Highcharts GenAI Evaluation Framework

An offline framework for evaluating Highcharts configurations generated from natural-language requests.

QuickSight had a use case where someone could describe a chart in natural language and an LLM would return a Highcharts configuration using our JSON expression language. We needed a way to compare system prompts and models without reviewing every generated chart by hand.

A Highcharts example comparing current-year and prior-year sales by industry.

Image from Amazon QuickSight documentation.

I modeled the evaluation around benchmark cases and strategies. A benchmark described the prompt and the behavior we expected from the chart. A strategy represented the combination of model, system prompt, and generation logic that we wanted to test.

The orchestrator ran every strategy against every benchmark case. Those jobs ran in parallel with a configurable limit (for example, maxConcurrency set to 4), so we could evaluate the full matrix without starting an unbounded number of browser sessions.

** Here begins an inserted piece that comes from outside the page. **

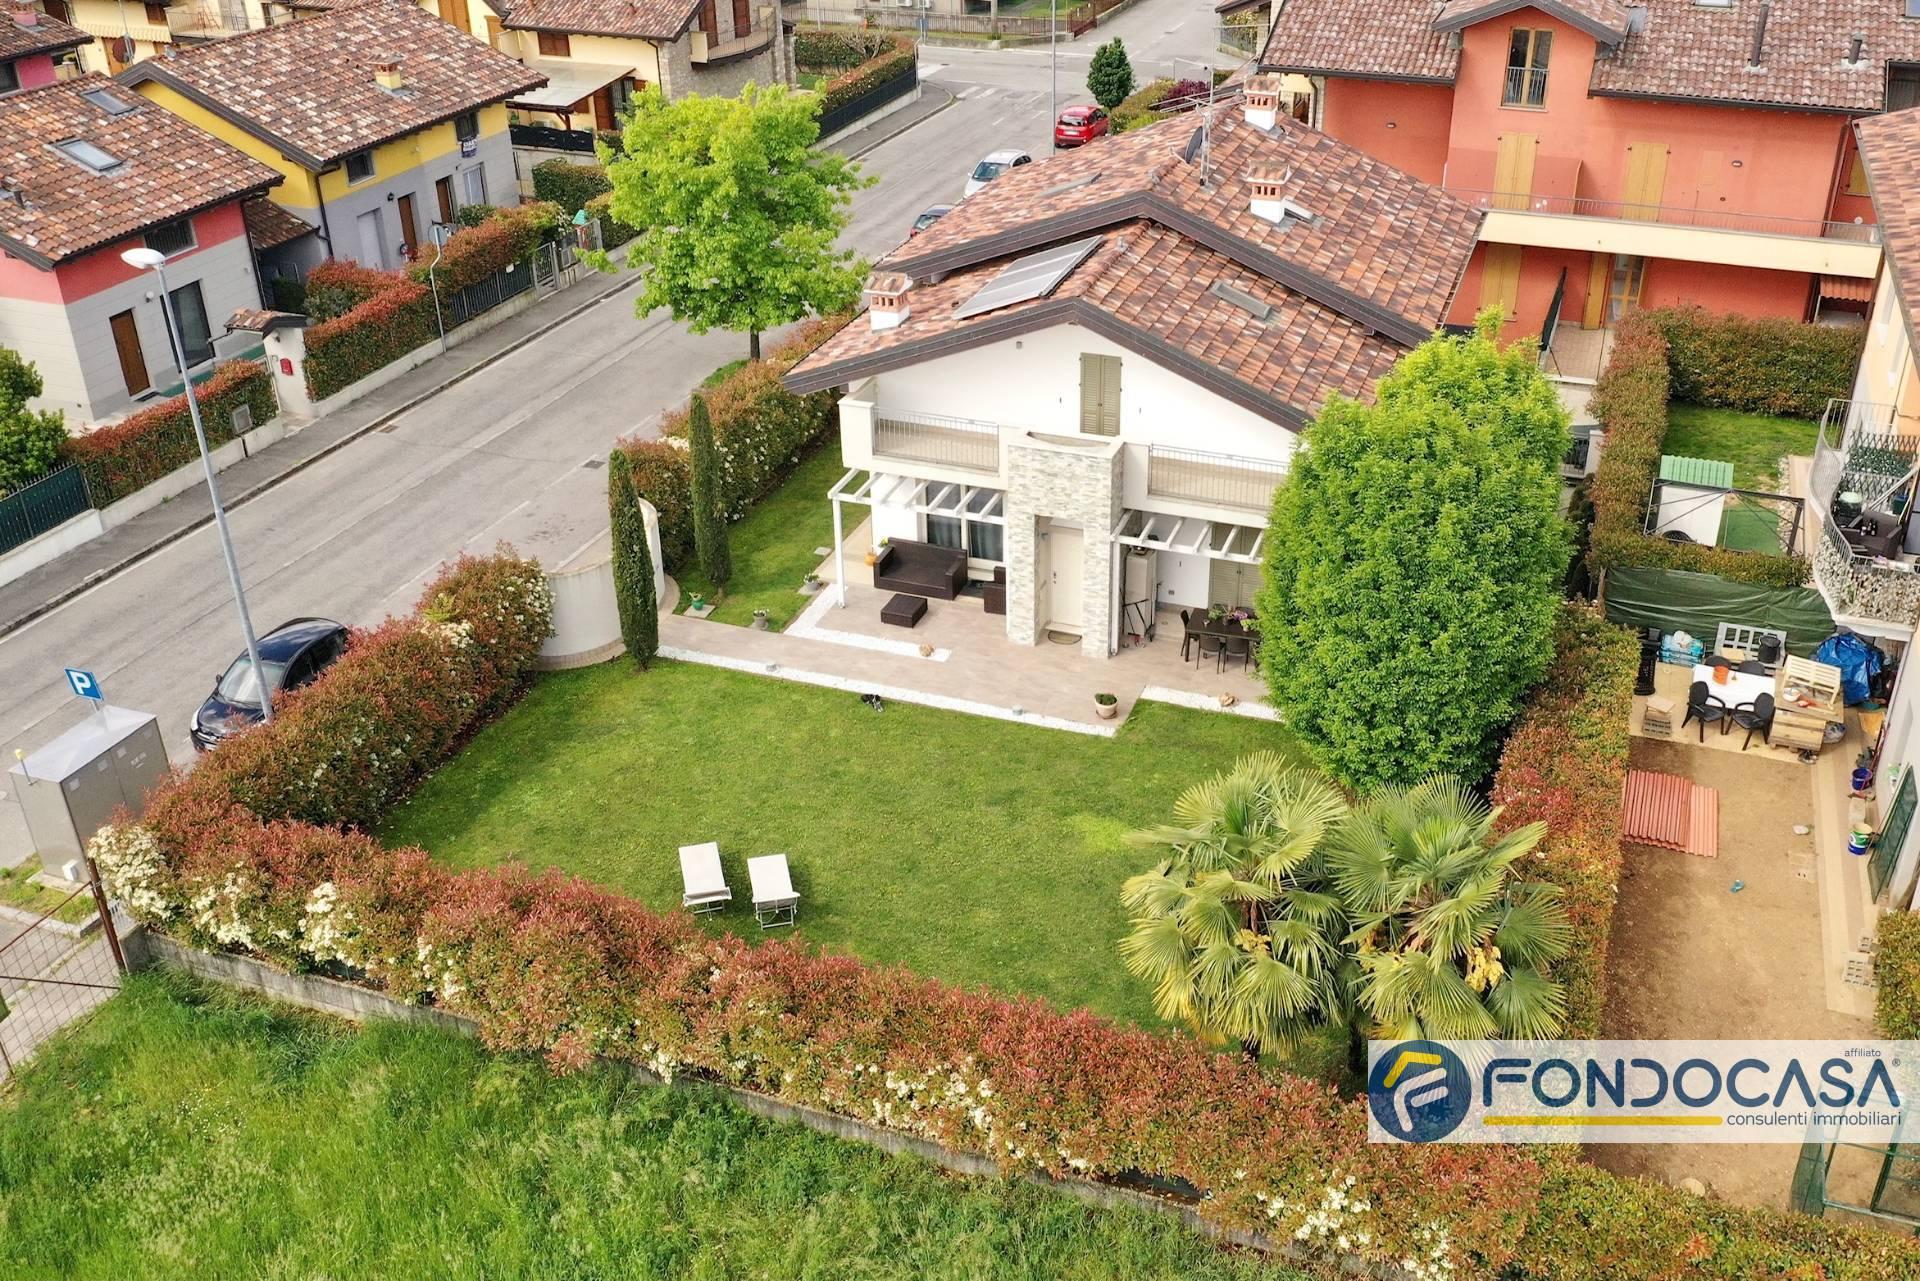 Villa in vendita a Comun Nuovo, 10 locali, Trattative riservate | PortaleAgenzieImmobiliari.it

Each strategy and benchmark pair could spawn multiple Playwright sessions. The evaluator rendered the chart, hovered data points, inspected tooltips and interactions, and checked whether the result actually satisfied the original prompt. This caught cases where the configuration was valid but the rendered behavior was wrong.

Benchmarks with a known result used reference-based evaluation. More open-ended prompts used reference-free evaluation with an LLM judge, including the browser output as part of what the judge evaluated.